Из Хабаровска нужно было ехать во Владивосток. На всю жизнь мне запомнилось тамошнее сливочное масло – соленое. Вероятно, его везли из Москвы и, чтобы не испортилось, добавляли соль. Долго я к нему привыкала, а годы спустя, вернувшись в родные края, не могла есть обычное масло – оно казалось пресным.
Добираясь на пароходе до Сахалина, я все вспоминала министра Бабаяна. Говорил, пролив как ниточка, на карте показывал… Однако, пароход шел несколько суток. Меня насмерть укачало.
– И это Тихий океан? – пытались шутить пассажиры, – Какой же он Тихий…
Билет у меня был в четвертом классе, в трюме, где качка кажется особенно жестокой. Одна из дорожных попутчиц пригласила к себе в каюту. Так мы и лежали валетом в подвесной койке – голов поднять не могли.
По прибытии на Сахалин меня ждало жестокое разочарование. Отправили на отдаленный рыбзавод. Пятьдесят километров от комбината. Ни бани, ни библиотеки, ни кино. Только тайга – и Японское море.
Завод и заводом-то назвать нельзя – так, сараи какие-то. Основная рабочая сила – заключенные. Утром их приводят, на ночь уводят.
Я шла ночевать в избушку. Кроме меня там жила бабушка с детьми.
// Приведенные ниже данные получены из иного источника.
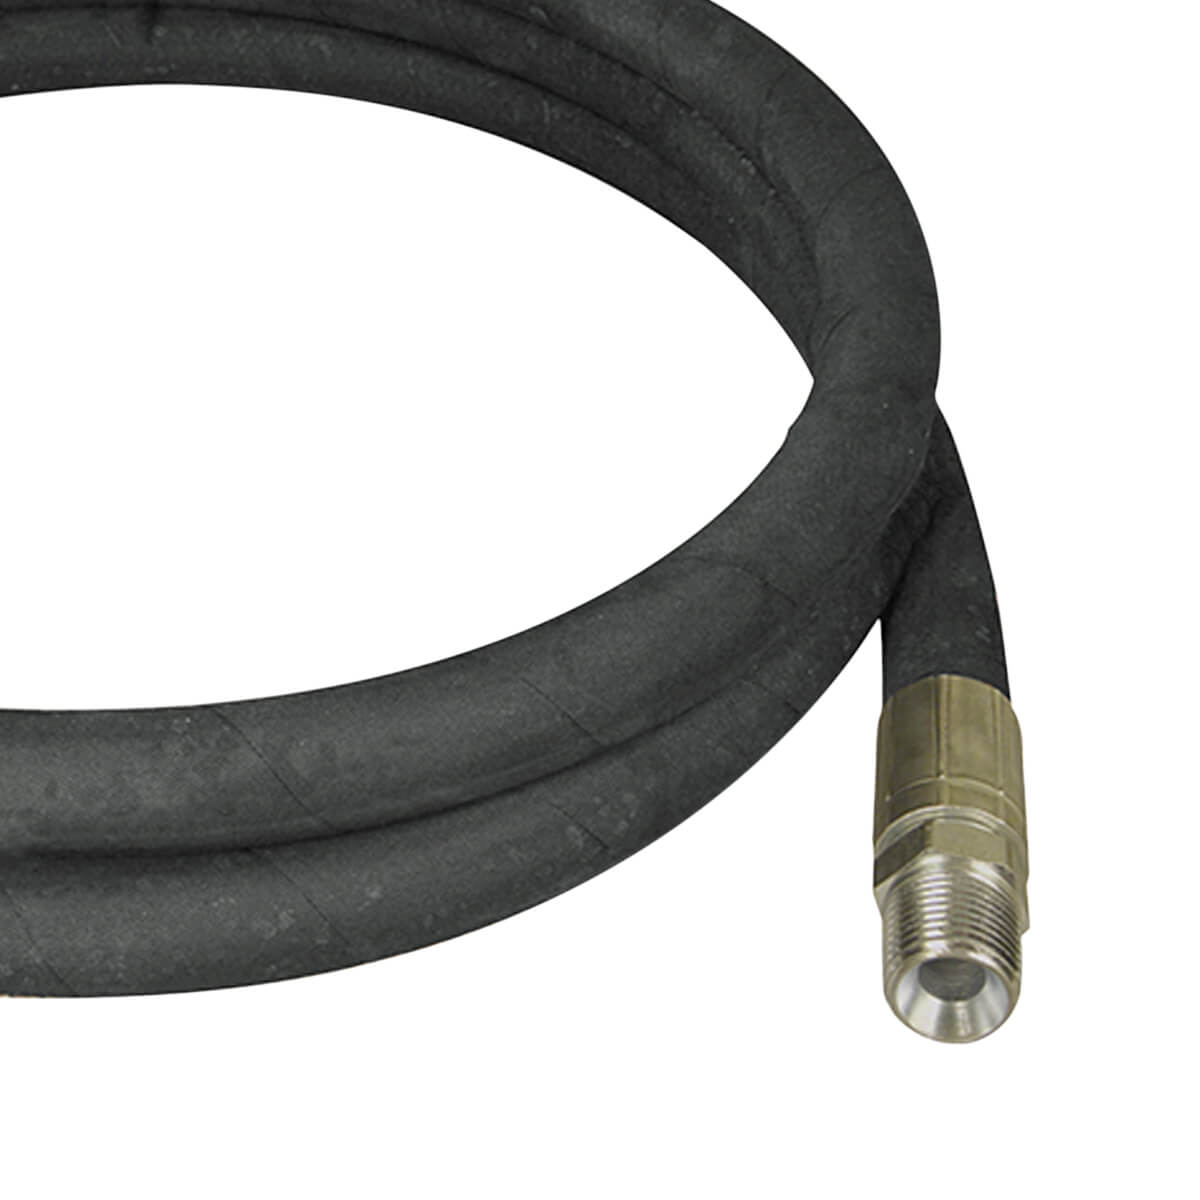 Hydraulic Hose Assembly - Male x Male - 1/2-in x 24-in

Один из ее сыновей сказал мне:
– Трудно тебе придется. Вот сейчас осенняя путина закончилась. Но зима пролетит мгновенно. Весной рыбаки снова начнут привозить рыбу. Труд их нелегкий, и они требуют оценивать весь товар первым сортом. И рыбу сразу надо пускать в дело, перерабатывать… Хватит ли у тебя – у мастера – физических сил? Чтобы принять рыбу первым сортом, а выпустить высшим. Только тогда ты будешь иметь прибыль. А нет – так ведь попасть в тюрьму – раз плюнуть.
Работа у рыбаков и вправду тяжелая. Их по двенадцать человек в кунгасе. И волна вышиной с дом – то поднимает, то опускает кунгас, тогда долго-долго рыбаков не видно. Плачешь, думаешь, что они утонули. Море кипит, как в котле. У рыбаков сетки, лебедкой они эту рыбу вытаскивают…
И, конечно, они хотят получить самую высокую плату за свой труд.
А тут лаборант смотрит – не помята ли рыба, сохранилась ли на ней чешуя, на анализ берет – и то второй сорт присваивает, то третий. И рыбаки могли с кулаками броситься – рыба же только что из моря, свежайшая.
Заключенные носили рыбу с берега на носилках. Носилки тяжеленные. Они порою выматерятся – если меня не видят. Но если поймут, что я была поблизости и слышала – обязательно извинятся.
Я до сих пор вспоминаю это, потому что сейчас люди совсем другие. Там заключенные просили прощения! А сейчас я стараюсь после одного случая не делать молодежи замечания.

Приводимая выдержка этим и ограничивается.